The records:
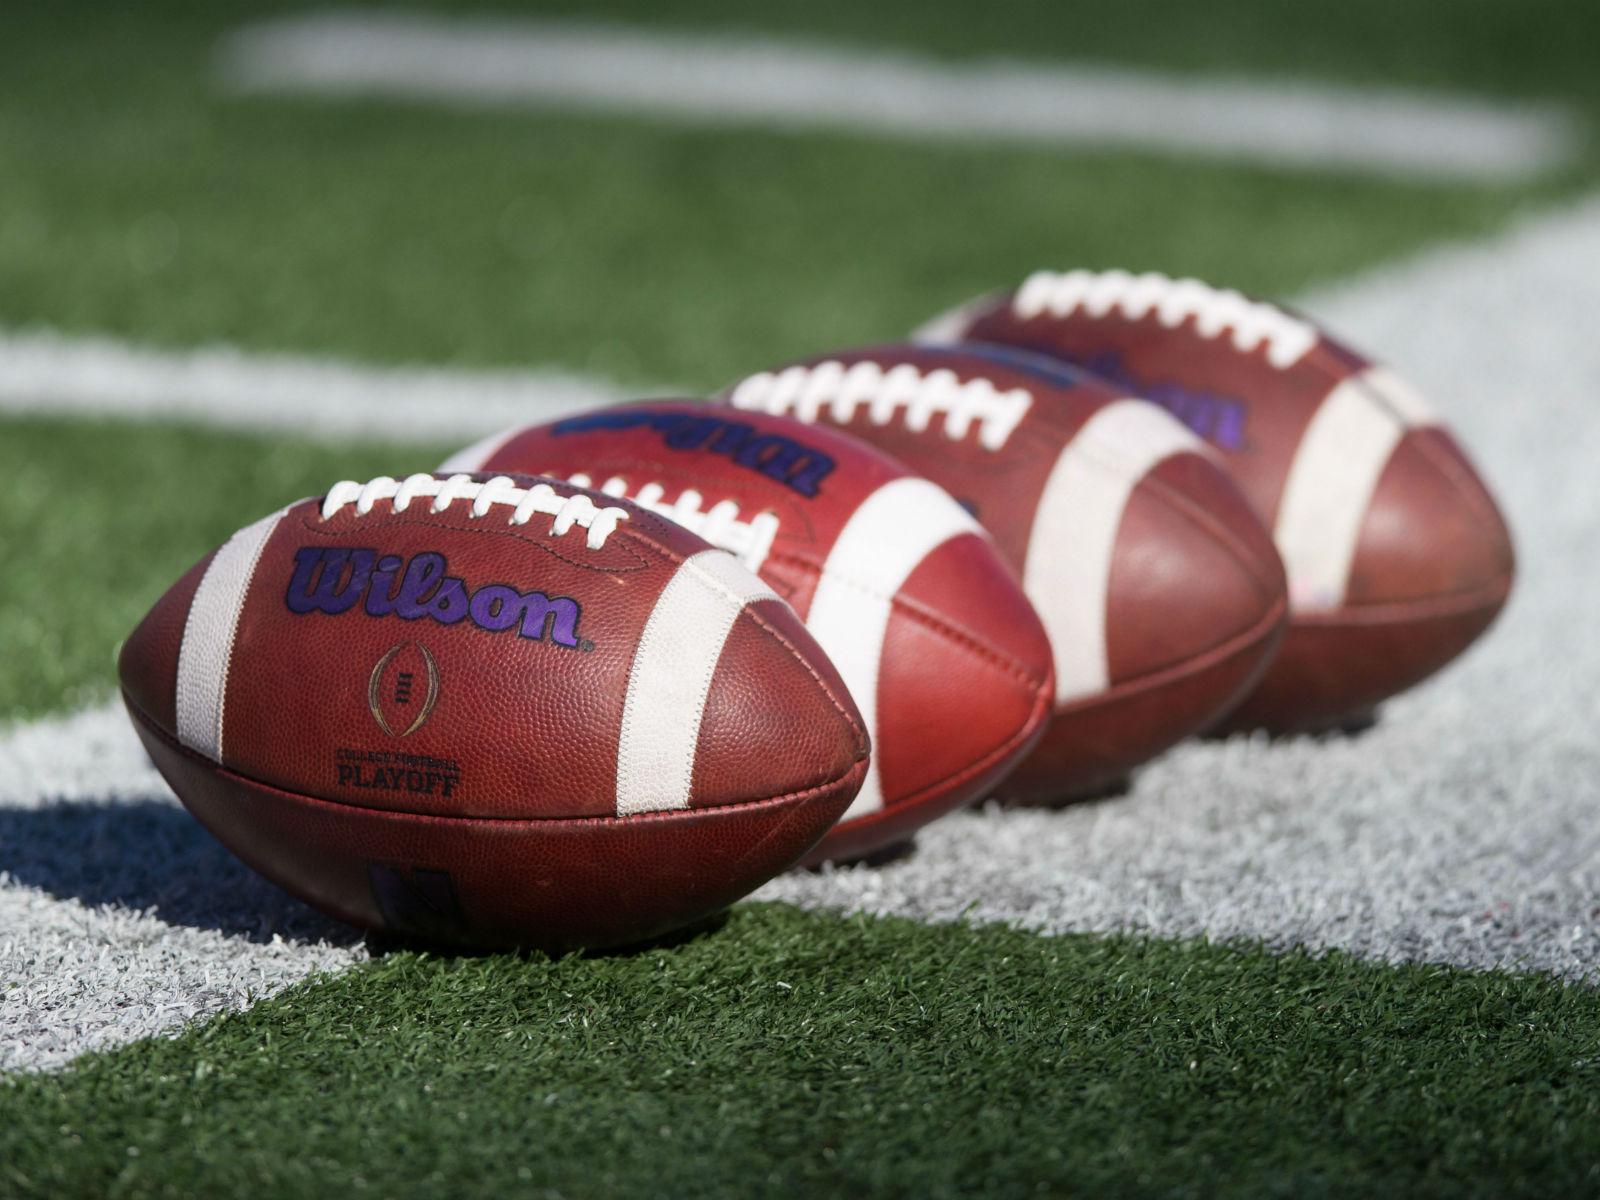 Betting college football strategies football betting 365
---
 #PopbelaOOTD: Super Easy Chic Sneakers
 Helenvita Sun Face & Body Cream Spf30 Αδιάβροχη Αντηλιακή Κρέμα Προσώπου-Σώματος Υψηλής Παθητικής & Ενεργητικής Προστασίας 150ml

Task prompt:
Could you reproduce exactly the lines of the entries above, from the one with "#PopbelaOOTD: Super Easy Chic Sneakers" through the one with "Helenvita Sun Face", and nothing else?

Response area:
 #PopbelaOOTD: Super Easy Chic Sneakers
 Helenvita Sun Face & Body Cream Spf30 Αδιάβροχη Αντηλιακή Κρέμα Προσώπου-Σώματος Υψηλής Παθητικής & Ενεργητικής Προστασίας 150ml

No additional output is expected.